Je prends à cet instant la mesure de son irrépressible amour de l’humanité, cette empathie rare qui lui vient de son ouverture sur ce monde que Franta écoute, observe, questionne, en permanence, depuis toujours : « La peinture est vraiment extraordinaire ». C’est un « langage indirect » qui permet une variété d’interprétations en fonction de sensibilités différentes, une « lecture libre », en révolte contre un parti qui ne tolérait « qu’une seule et unique interprétation ». Il rajoute : « Elle me permet de garder les yeux ouverts sur le monde ». Un pays en particulier a marqué à jamais son œuvre. Lorsqu’il découvre l’Afrique et la beauté sans artifice du corps noir, la relation simple, directe, primale et fondamentale de l’homme avec la nature, son respect des coutumes ancestrales, il retrouve la « saveur » du bonheur. Fasciné par la dichotomie entre le cerveau humain, capable de produire tant d’atrocités et « l’enveloppe humaine pleine d’émotion et d’énergie », il s’attache désormais à peindre ce corps qui capture et réfléchit la lumière (cette « Noire Clarté » chez Adam et Eve, 1982).
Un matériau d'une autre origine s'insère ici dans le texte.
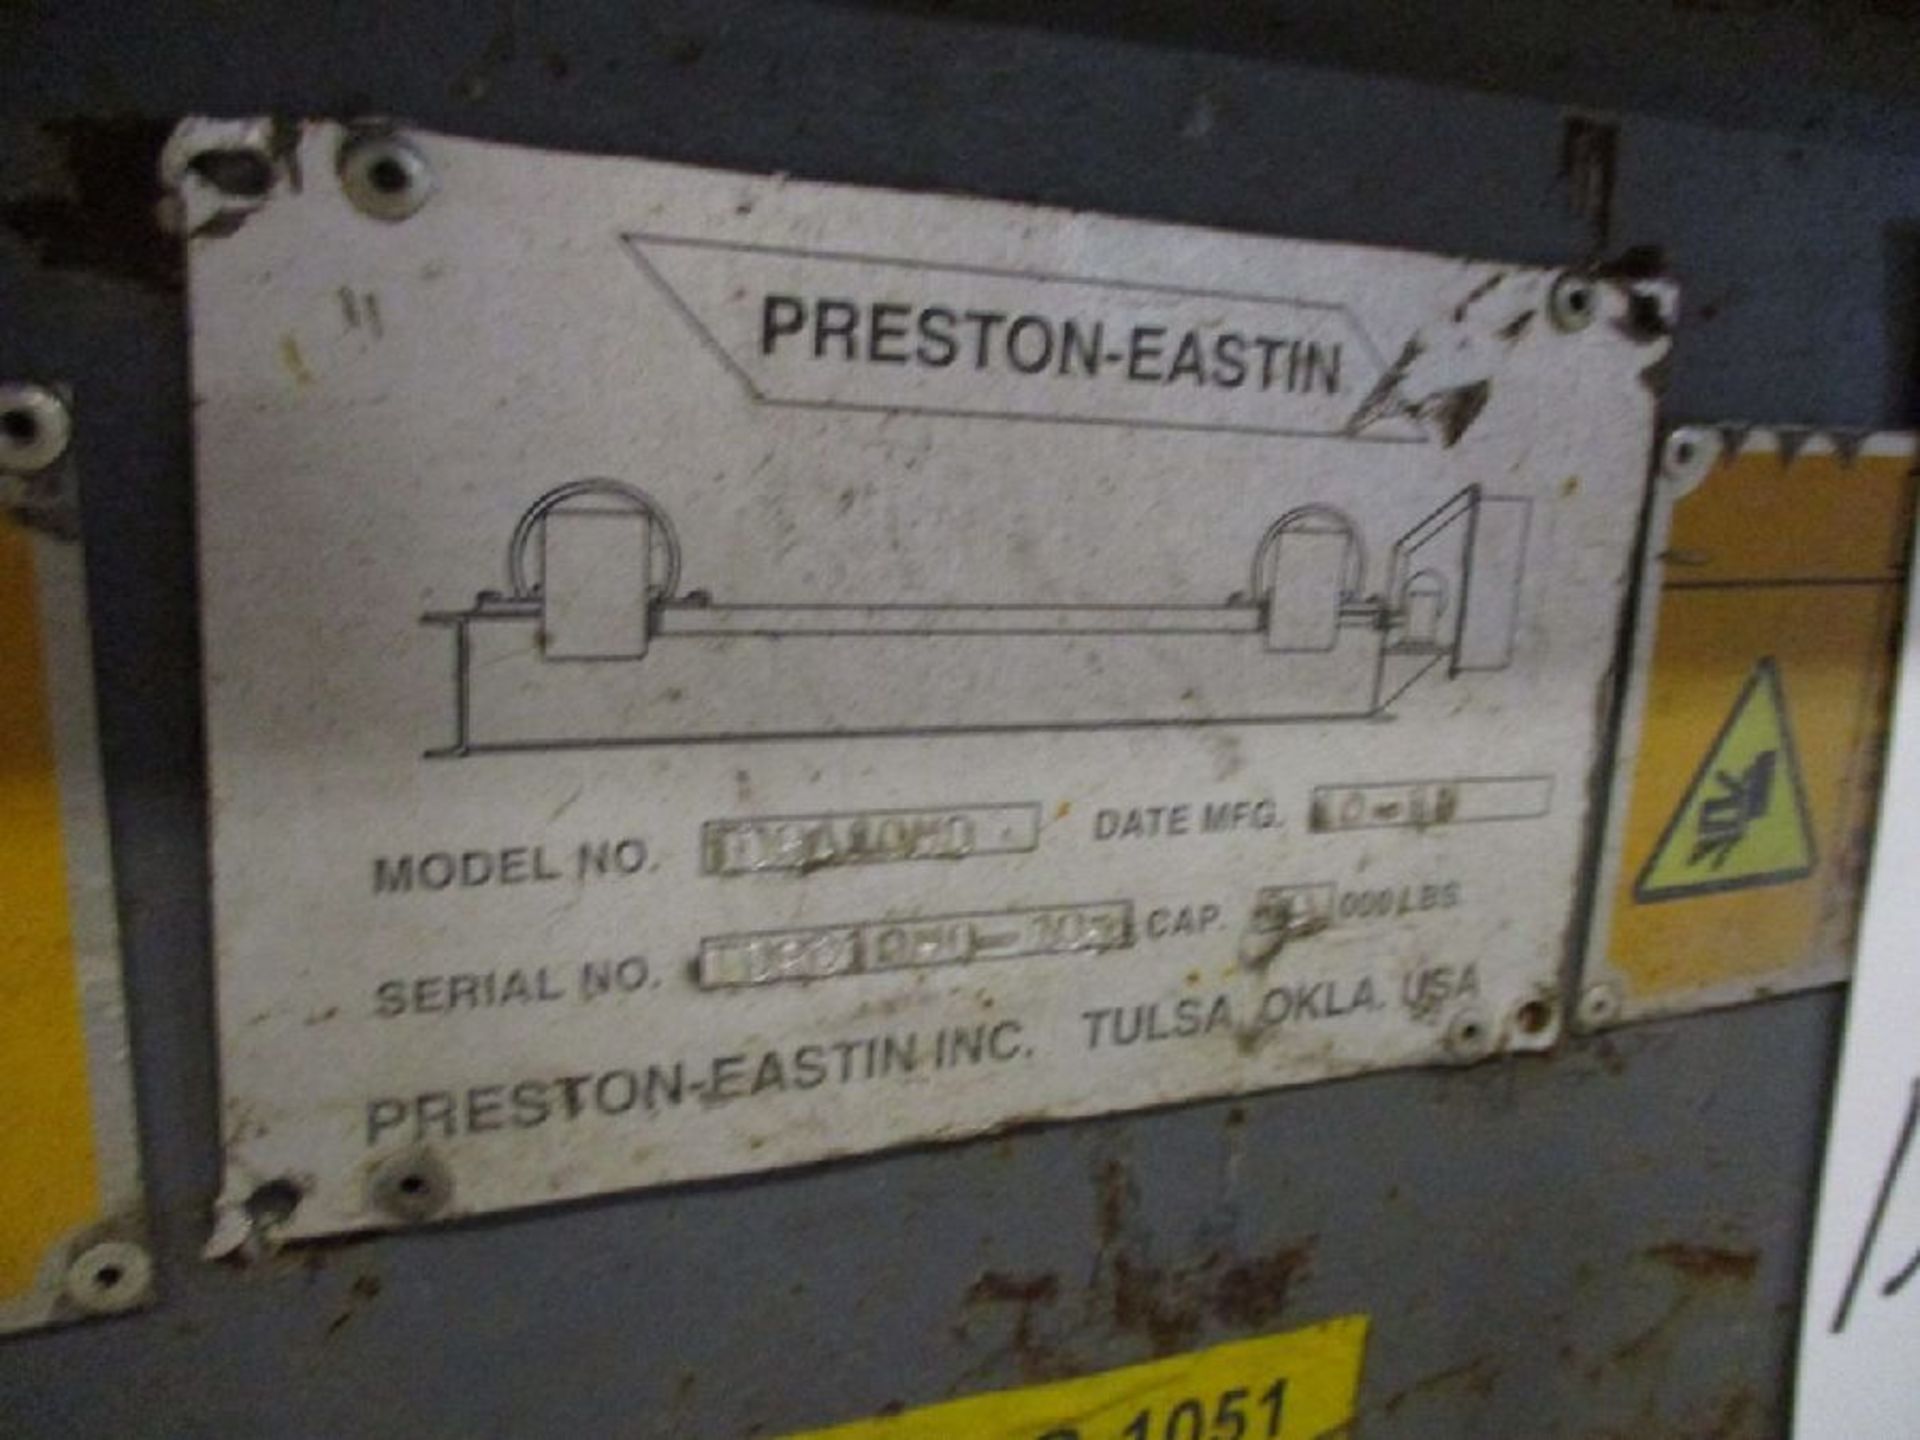 Preston-Eastin Model TDRA10HD 10,000 Lb Capacity Tank Turning Roll - Image 3 of 7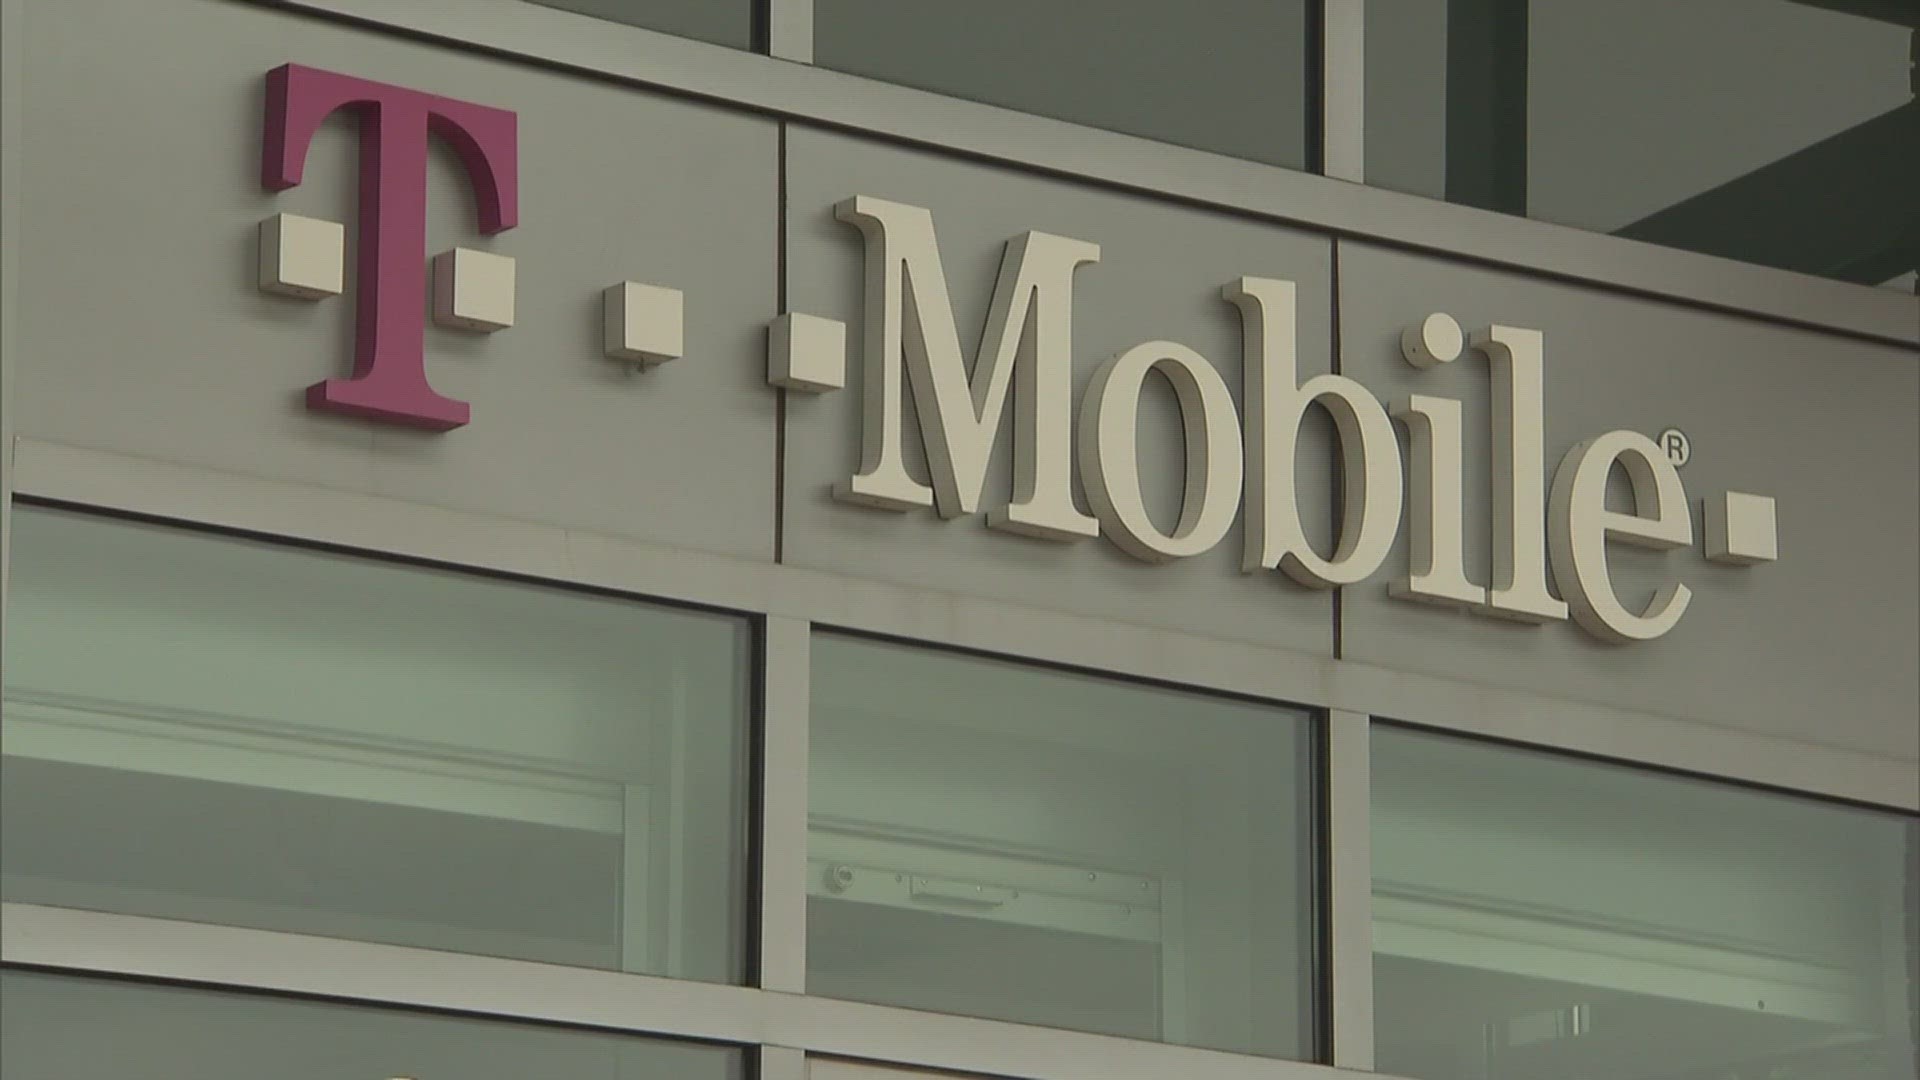 T-Mobile's corporate headquarters are located in Bellevue.

Ce corps « originel », tendu comme un miroir, à la fois métaphore et manifeste du vitalisme exubérant qui habite toute l’œuvre, Franta va désormais l’exalter et le célébrer sans retenue, pudeur ni mesure : corps masculins aux muscles bandés et puissants, corps au travail, rondeurs féminines douces ou arrogantes, élégance et sensualité des lignes dans l’attente, l’éveil, l’étreinte et l’extase amoureux.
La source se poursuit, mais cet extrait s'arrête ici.